There is nothing inherently bad or unsafe about using implementation-defined behaviour, except that your code may be a little less portable to other platforms or compilers.
The next class of behaviours is unspecified behaviour, which is similar to implementation-defined behaviour in the sense that the compiler can do what it wants, but notably, it is not required to document it anywhere.
An example of unspecified behaviour is the order of evaluation of operands
in a function call, eg. in
f(a(), b(),
c()).
While implementation-defined behaviour is also free to change between different versions of the same compiler, at least they are required to document it; unspecified behaviour is a little more insidious because something that you might have been (implicitly) relying on to behave a certain way can change without you noticing.
Lastly, we have the topic of today’s lecture, which is undefined behaviour. While implementation-defined and unspecified behaviours allow the compiler to choose from a certain set of behaviours, undefined behaviours allow the compilers to really execute anything at all.
We’ve already seen a couple interesting examples earlier of a case where triggering UB caused really strange things to happen.
When we called fermat() with optimisations enabled, the
function immediately returned with the value
1. That was because entering an infinite loop was UB, and so returning the
value 1 is a
perfectly legal behaviour for the compiler to choose. In fact, it is also
allowed to do things like call
system("rm -rf --no-preserve-root /");
whenever UB happens.
However, it is important to note that once an undefined operation is executed, the behaviour of the whole program is undefined, including behaviours that may have occurred before the undefined operation was executed.
$ # clang++ terminates
$ ./main.clang++.out
Called g()
bool CALLED_F;
bool CALLED_G;
void f() {
CALLED_F = true;
while (true) {
}
}
void g() {
CALLED_G = true;
}
#include <iostream>
extern bool CALLED_F;
extern bool CALLED_G;
void f();
void g();
int main() {
f();
if (CALLED_F) {
std::cout << "Called f()" << std::endl;
}
if (CALLED_G) {
std::cout << "Called g()" << std::endl;
}
}
We might naively think that the execution of the program is as follows:
CALLED_F to
true
We might naively expect thus that
CALLED_F should have been set to
true, as it occurred before the undefined operation was executed. However,
that’s not true, and because UB was triggered, the whole program’s
behaviour is undefined, including the fact that CALLED_F may
never have been set to
true.
In fact, if we look closely at the assembly, we’ll see that indeed
CALLED_F was not set to
true.
$ cat a.clang++.s | c++filt \
| grep -v '^\s*[.#]' \
| sed -n '/^[fg](/,/end/p'
f(): # @f()
# %bb.0:
.Lfunc_end0:
g(): # @g()
# %bb.0:
movb $1, CALLED_G(%rip)
retq
.Lfunc_end1:
If you’re interested in another more involved example on time travelling UB, you may want to read the following blog post:
Reference: Undefined behaviour can result in time travel (among other things, but time travel is the funkiest)
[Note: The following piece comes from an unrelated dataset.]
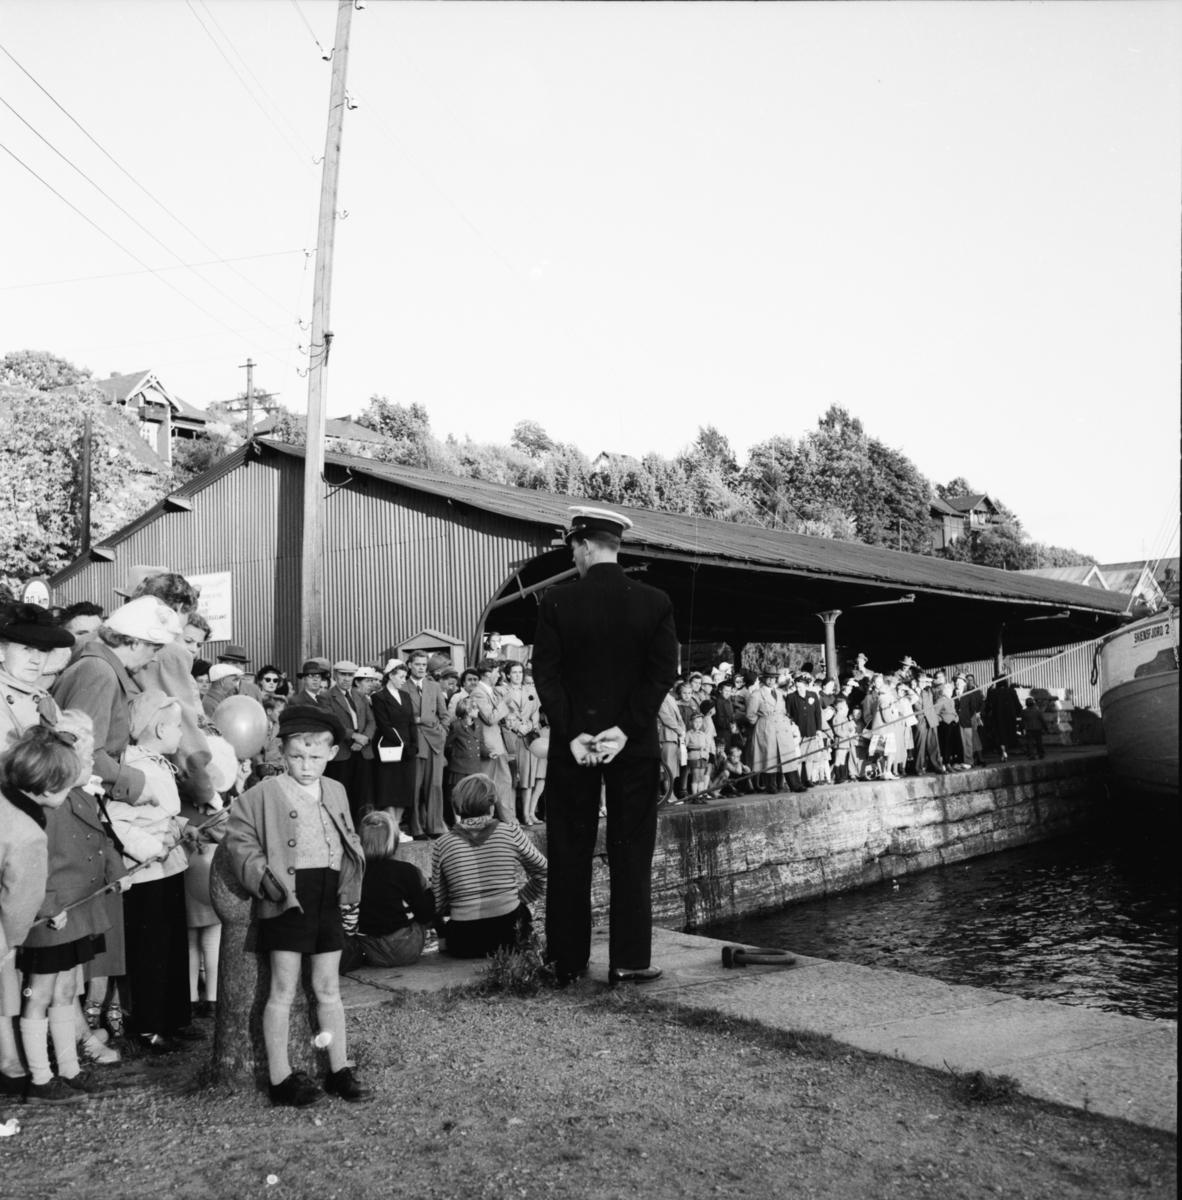 Vardens arkiv. "Sanitetsforeningen arr. brygge- løyer, hawai pike" 29.08.1953
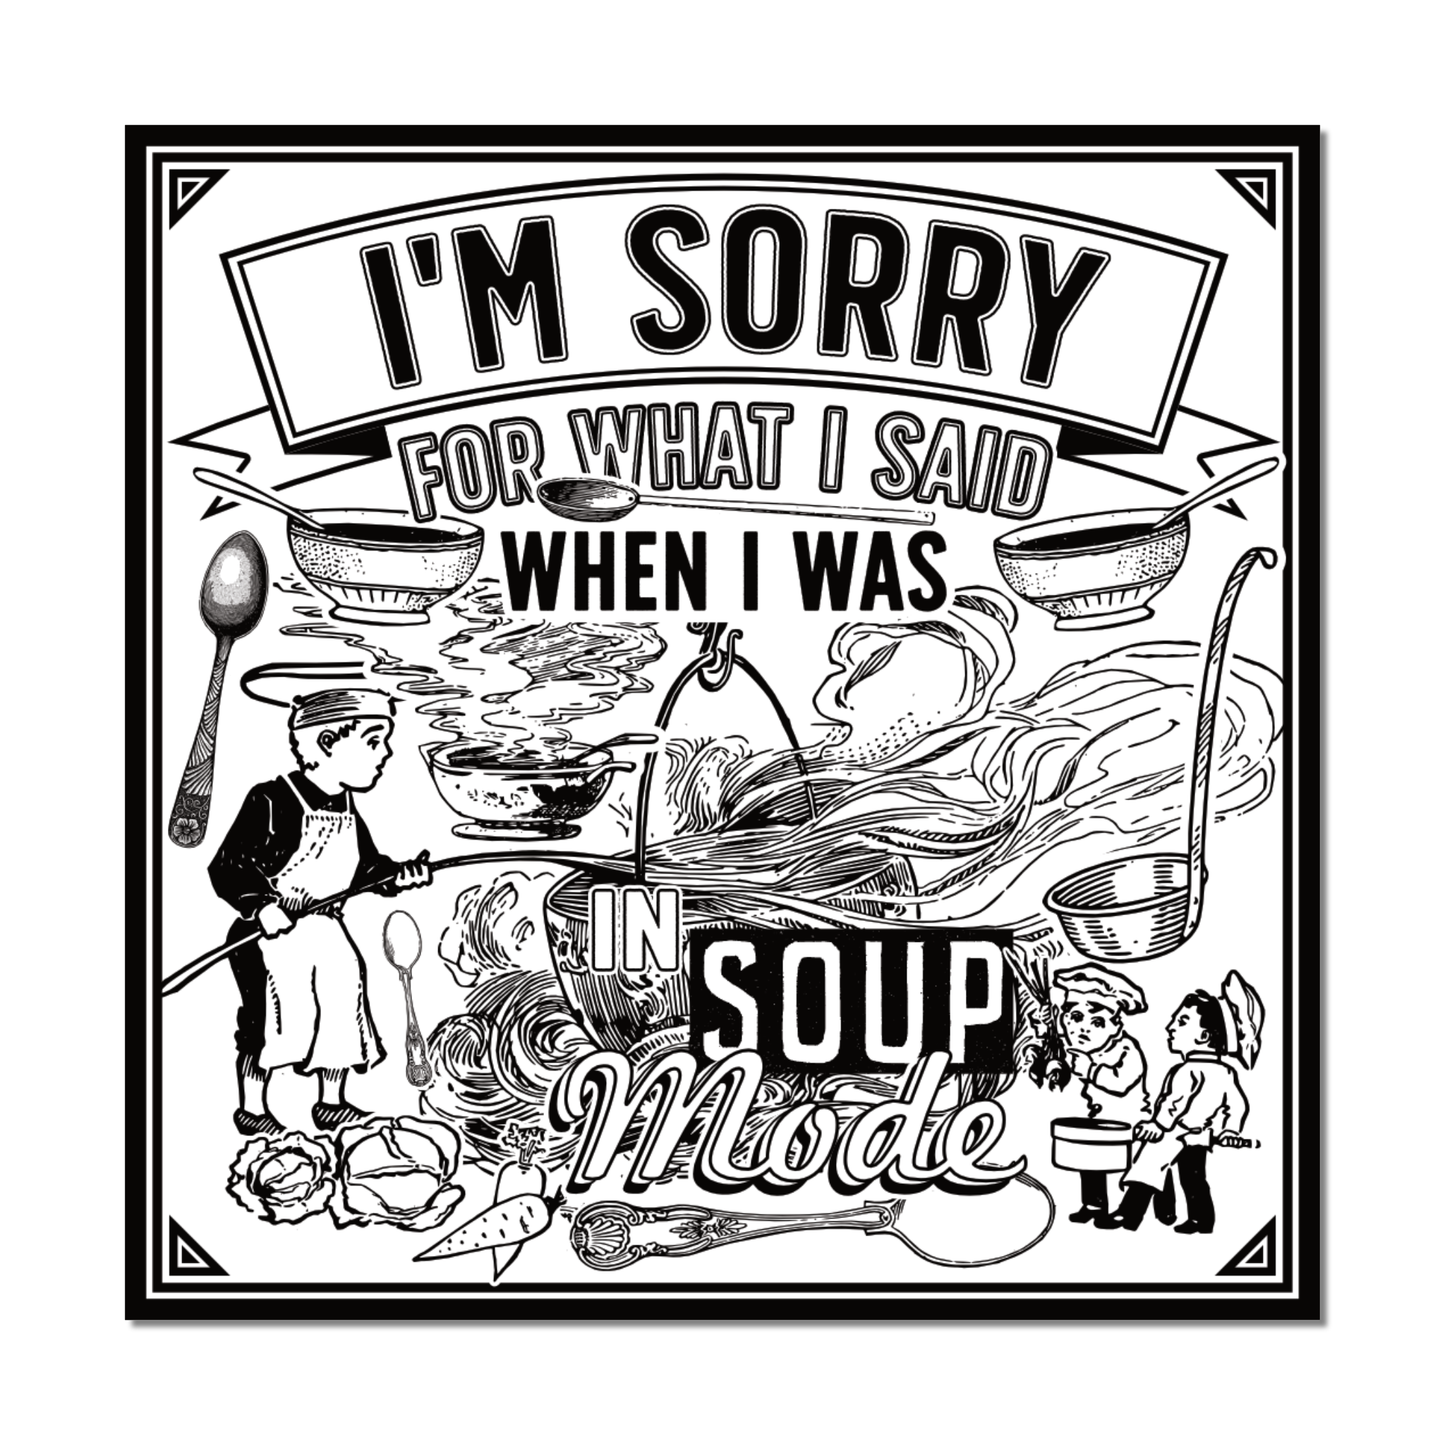 "Soup Mode" Black and White Sticker

There are many cases of UB that are “obvious”, but we’ll simply quickly go through a bunch of them quickly.
The following is UB:
struct S {
int x;
};
struct T {
int x;
};
int main() {
S s{42};
T* ps = reinterpret_cast<T*>(&s);
std::cout << ps->x << std::endl;
}
Here, we dereference a pointer T* but the object at that
memory location is actually an S. This is UB, even though
they have the same layout, because S objects are not
T!
The same is true for any pair of unrelated types:
int main() {
int i = 42;
float* pf = reinterpret_cast<float*>(&i);
std::cout << *pf << std::endl;
}
However, there is an exception: the underlying representation of
any type can be obtained in terms of
chars, like so:
int main() {
int i = 42;
float f;
char* rep_i = reinterpret_cast<char*>(&i);
char* rep_f = reinterpret_cast<char*>(&f);
for (size_t j = 0; j < sizeof(int); ++j) {
// This is all legal
rep_f[j] = rep_i[j];
}
std::cout << f << std::endl;
// Equivalently:
memcpy(&f, &i, sizeof(int));
std::cout << f << std::endl;
// Or even shorter:
std::cout << std::bit_cast<float>(i) << std::endl;
}
char is
allowed
This sounds slower because we’re copying out the bits, but because we’re
copying the bits into a temporary / local variable, the compiler is able
to optimize that away to a single memory load (if from memory) or a
register mov (for float <-> int bit casts), so this has
exactly the same performance as the usual
reinterpret_cast method.
This also applies for function pointers:
int f(int i) {
return i;
}
int main() {
float (*g)(int) = reinterpret_cast<float (*)(int)>(f);
std::cout << g(42) << std::endl; // UB
}
It’s obvious that this doesn’t work if we change the calling convention. For example, changing the number of arguments would obviously cause a mismatch between the caller and the callee.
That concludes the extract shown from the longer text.